While Deloitte’s survey shows that the majority of hospitals are collecting social determinant information at intake, many aren’t adequately distributing that information to healthcare providers and critical staff that could actually leverage that information to make actionable decisions.
Another way hospitals can immediately (and without significant investment) begin implementing social determinant strategies is to connect with stakeholders at major community outreach programs. Bridging the gap between medical and non-medical initiatives can help hospitals begin to approach mental health more holistically.
Of course, to scale analysis of social determinants of health, healthcare systems need to invest in data analysis tools layered on top of policies and procedures. According to Deloitte, healthcare providers should be looking to accomplish three primary goals with their social determinants of health strategy:
- Resource consolidation empowered by breaking down silos between healthcare departments
- Creating value-based models of healthcare that incorporate social needs
- Improve health tracking, modeling, and cost outcomes
While the immediate financial impact of societally-geared strategies may not be visible, incorporating these strategies will put hospitals ahead of the curve and well-positioned to provide a greater level of value-based care to all of its patients. After all, the mental health of patients often isn’t cured with drugs — it’s cured with compassion, understanding and deep visibility into that patient’s overall history.
Final Thoughts
Establishing fully-holistic social determinants of health strategy won’t happen overnight. On a larger scale, hospitals and healthcare providers will need to engage with stakeholders in the health insurance space as well as local, state and Federal bodies. But that doesn’t mean that behavioral healthcare providers can’t take immediate action.

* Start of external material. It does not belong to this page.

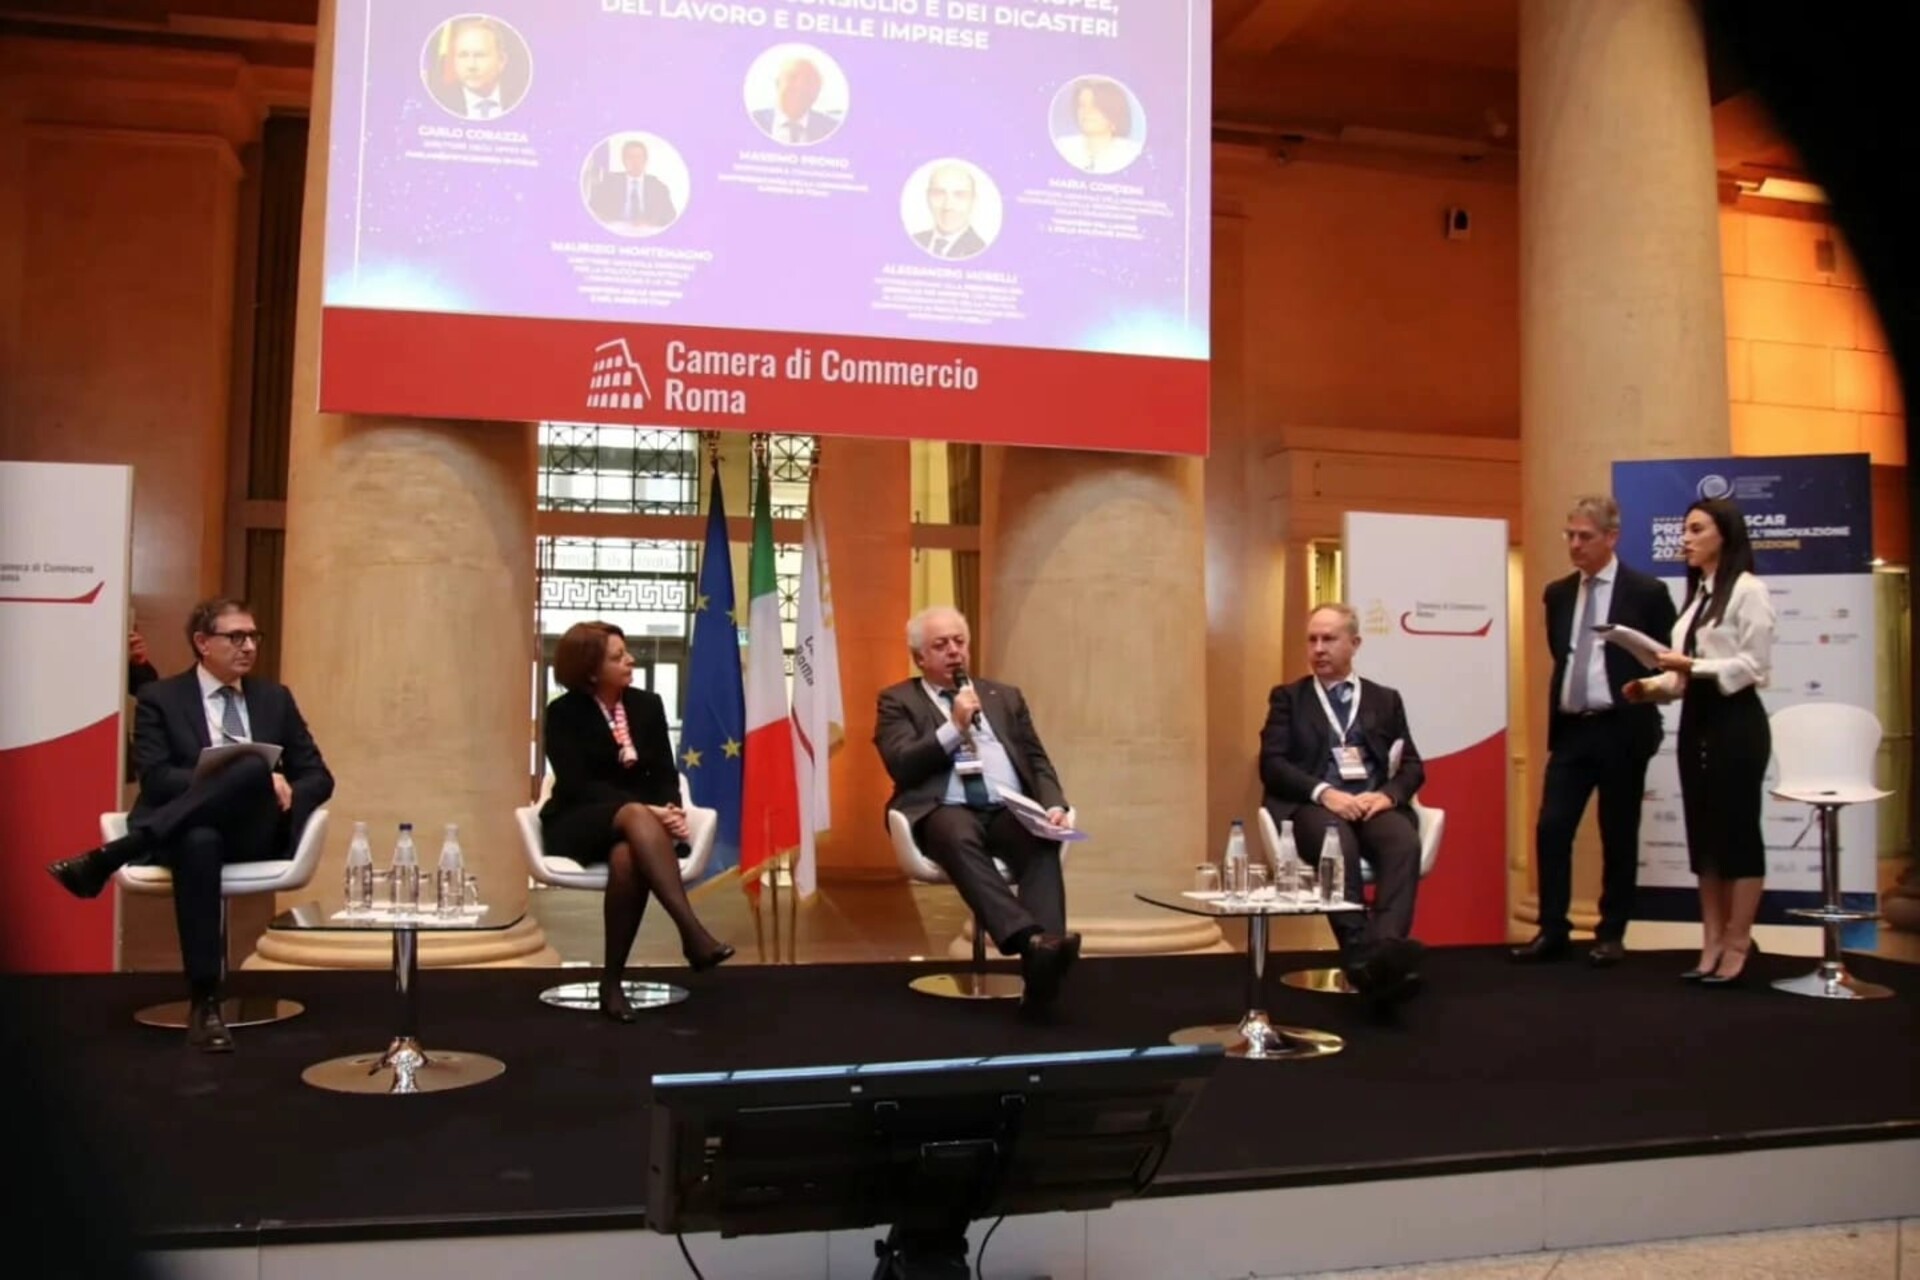 Innovation Oscar: "Sjätte rapporten om tillståndet för ungdomar och innovation i Italien" utarbetad av den vetenskapliga kommittén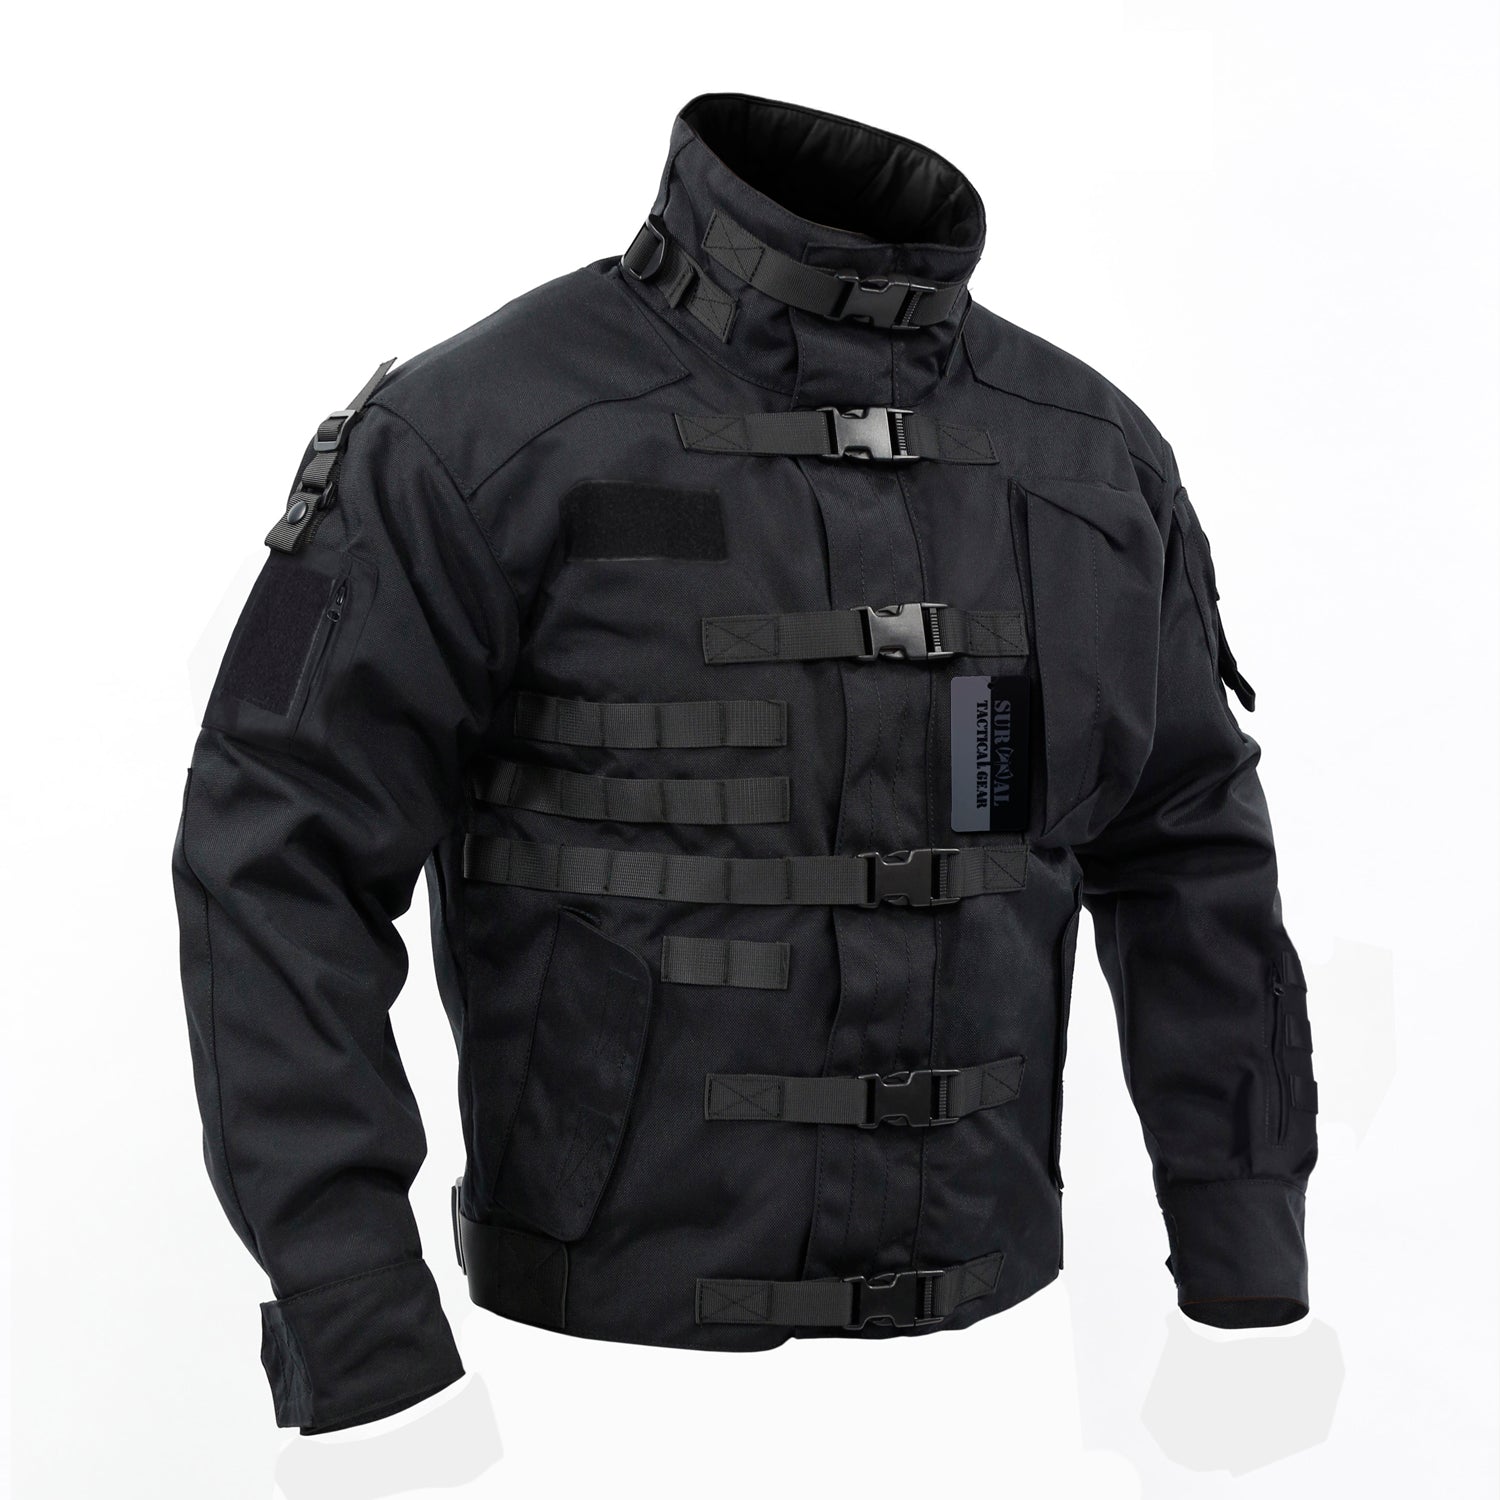 ZAPT actical Jacket 1000D CORDURA – ZAPTGEAR

Behavioral healthcare providers that want to push towards value-based care while improving the quality-of-life of their patients should consider immediately incorporating baseline strategies to collect and analyze social determinants of health. This starts with intake. You want to gather as much information as possible, and there are plenty of resources to help you accomplish just that. Healthcare providers should also begin breaking down silos between departments that prevent adequate and accurate data spread. Finally, behavioral healthcare providers should forge meaningful relationships with community outreach programs beyond the mental space. Low-income housing communities, addiction programs and food assistance bodies can help bridge the gap between clinical and societal.
Change won’t happen overnight. But once the results start to take shape, larger investments in data analysis tools can help make the most out of all of that social determinants of health data. For now, behavioral healthcare institutions have a path forward — though it may not be a paved one.